Digital History
The Diversity of Native America: The Middle Colonies
Digital History ID 641

Author:   William Penn
Date:1683

Annotation: Pennsylvania's founder offers a vivid description of the indigenous people of that area.


Document: The natives I shall consider in their persons, language, manners, religion and government....For their persons, they are generally tall, straight, well-built, and of singular proportion; they tread strong and clever, and mostly walk with a lofty chin....They grease themselves with bear's fat clarified, and, using no defense against sun or weather, their skins must needs be swarthy....

Their language is lofty, yet narrow, but like the Hebrew; in signification full, like short-hand in writing; one word serveth in the place of three, and the rest are supplied by the understanding of the hearer....

Of their customs and manners there is much to be said; I will begin with children. So soon as they are born, they wash them in water, and while very young and in cold weather to choose they plunge them in the rivers to harden and embolden them. Having wrapped them in a clout [cloth] they lay them on a straight, thin board, a little more than the length and breath of the child, and swaddle it fast upon the board to make it straight.... The children will go [walk] very young, at nine months commonly; they wear only a small clout round their waist till they are big; if boys, they go fishing till ripe for the woods, which is about fifteen; then they hunt, and, after having given some good proofs of their manhood by a good return of skins, they may marry....The girls stay with their mothers and help to hoe the ground, plant corn, and carry burdens....The age they marry at, if women, is about thirteen and fourteen; if men, seventeen and eighteen....

Their houses are mats or barks of trees set on poles in the fashion of an English barn....

Their diet is maize or Indian corn, divers ways prepared; sometimes roasted in the ashes, sometimes beaten and boiled with water, which they call "homine"....

But in liberality they excel; nothing is too good for their friends. Give them a fine gun, coat, or other thing, it may pass twenty hands before it sticks....Wealth circulateth like the blood, all parts partake....

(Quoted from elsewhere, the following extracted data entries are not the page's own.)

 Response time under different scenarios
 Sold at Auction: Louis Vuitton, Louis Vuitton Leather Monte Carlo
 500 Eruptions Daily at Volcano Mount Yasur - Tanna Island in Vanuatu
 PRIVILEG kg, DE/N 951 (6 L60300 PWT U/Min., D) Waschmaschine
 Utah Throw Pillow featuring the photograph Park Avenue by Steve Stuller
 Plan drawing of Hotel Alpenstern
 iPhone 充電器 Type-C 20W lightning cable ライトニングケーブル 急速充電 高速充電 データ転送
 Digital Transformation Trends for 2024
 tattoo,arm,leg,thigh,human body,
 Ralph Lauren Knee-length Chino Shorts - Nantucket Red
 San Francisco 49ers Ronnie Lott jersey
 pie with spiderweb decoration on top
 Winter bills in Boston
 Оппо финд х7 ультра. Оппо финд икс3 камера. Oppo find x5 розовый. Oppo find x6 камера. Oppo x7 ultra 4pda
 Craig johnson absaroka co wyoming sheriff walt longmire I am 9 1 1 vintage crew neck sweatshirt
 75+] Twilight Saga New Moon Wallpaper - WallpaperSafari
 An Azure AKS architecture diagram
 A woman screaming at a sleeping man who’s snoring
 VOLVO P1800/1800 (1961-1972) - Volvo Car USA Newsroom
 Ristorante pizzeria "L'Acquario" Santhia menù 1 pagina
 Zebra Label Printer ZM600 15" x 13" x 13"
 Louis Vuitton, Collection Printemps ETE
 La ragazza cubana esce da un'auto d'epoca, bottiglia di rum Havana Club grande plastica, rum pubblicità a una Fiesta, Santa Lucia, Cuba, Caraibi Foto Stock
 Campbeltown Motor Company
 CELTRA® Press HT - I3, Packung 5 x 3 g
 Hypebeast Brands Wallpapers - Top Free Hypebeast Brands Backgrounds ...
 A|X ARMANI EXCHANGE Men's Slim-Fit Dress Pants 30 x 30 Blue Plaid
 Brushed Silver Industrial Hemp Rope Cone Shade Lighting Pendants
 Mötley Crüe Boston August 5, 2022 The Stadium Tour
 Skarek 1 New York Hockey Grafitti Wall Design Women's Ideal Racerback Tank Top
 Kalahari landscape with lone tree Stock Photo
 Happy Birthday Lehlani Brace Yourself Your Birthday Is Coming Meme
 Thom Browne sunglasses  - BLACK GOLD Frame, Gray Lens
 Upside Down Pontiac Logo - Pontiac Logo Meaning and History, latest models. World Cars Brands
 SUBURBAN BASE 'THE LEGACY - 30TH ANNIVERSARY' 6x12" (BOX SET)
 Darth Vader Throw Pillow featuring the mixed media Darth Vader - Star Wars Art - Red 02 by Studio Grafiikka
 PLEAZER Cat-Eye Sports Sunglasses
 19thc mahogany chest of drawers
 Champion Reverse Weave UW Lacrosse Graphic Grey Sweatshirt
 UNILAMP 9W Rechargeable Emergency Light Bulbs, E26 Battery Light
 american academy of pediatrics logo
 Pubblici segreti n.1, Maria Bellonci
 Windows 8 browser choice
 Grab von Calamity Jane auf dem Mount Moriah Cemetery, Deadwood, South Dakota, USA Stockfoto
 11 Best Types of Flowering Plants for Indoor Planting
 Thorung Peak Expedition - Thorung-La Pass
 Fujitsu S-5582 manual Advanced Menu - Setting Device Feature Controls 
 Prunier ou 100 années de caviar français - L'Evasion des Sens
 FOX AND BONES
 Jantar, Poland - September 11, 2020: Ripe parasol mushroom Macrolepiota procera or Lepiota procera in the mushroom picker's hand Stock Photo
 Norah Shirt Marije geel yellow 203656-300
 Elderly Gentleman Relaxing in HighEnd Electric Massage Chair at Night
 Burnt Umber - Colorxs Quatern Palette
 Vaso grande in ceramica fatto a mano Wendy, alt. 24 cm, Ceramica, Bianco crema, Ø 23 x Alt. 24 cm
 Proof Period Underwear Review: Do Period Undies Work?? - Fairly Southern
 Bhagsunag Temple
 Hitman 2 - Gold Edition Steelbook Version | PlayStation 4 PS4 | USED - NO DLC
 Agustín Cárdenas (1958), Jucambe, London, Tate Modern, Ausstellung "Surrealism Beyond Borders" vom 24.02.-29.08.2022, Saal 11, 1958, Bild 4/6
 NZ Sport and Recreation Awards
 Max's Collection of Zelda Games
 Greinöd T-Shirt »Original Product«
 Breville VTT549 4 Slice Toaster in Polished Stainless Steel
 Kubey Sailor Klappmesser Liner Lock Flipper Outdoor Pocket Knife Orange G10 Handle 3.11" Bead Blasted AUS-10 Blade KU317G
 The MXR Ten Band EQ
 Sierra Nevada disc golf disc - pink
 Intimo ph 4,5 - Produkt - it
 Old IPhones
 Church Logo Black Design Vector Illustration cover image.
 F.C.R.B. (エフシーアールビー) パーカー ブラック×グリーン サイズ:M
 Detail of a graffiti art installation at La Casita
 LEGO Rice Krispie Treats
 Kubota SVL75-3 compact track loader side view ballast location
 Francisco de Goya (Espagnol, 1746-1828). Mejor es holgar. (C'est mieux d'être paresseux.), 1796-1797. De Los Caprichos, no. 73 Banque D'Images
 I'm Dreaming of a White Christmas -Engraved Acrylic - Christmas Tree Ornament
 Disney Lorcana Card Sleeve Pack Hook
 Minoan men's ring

If they die, they bury them with their apparel, be they man or woman, and the nearest of kin fling something precious with them as a token of their love: their mourning is blacking of their faces, which they continue for a year....

Their worship consists of two parts, sacrifice and cantico: their sacrifice is their first fruits; the first and fattest buck they kill goeth to the fire where he is all burnt....The other part is their cantico, performed by round dances, sometimes words, sometimes songs, then shouts....In the fall, when the corn cometh in, they begin to feast one another....

Their government is by kings, which they call "Sachems" and those by succession, but always of the mother's side....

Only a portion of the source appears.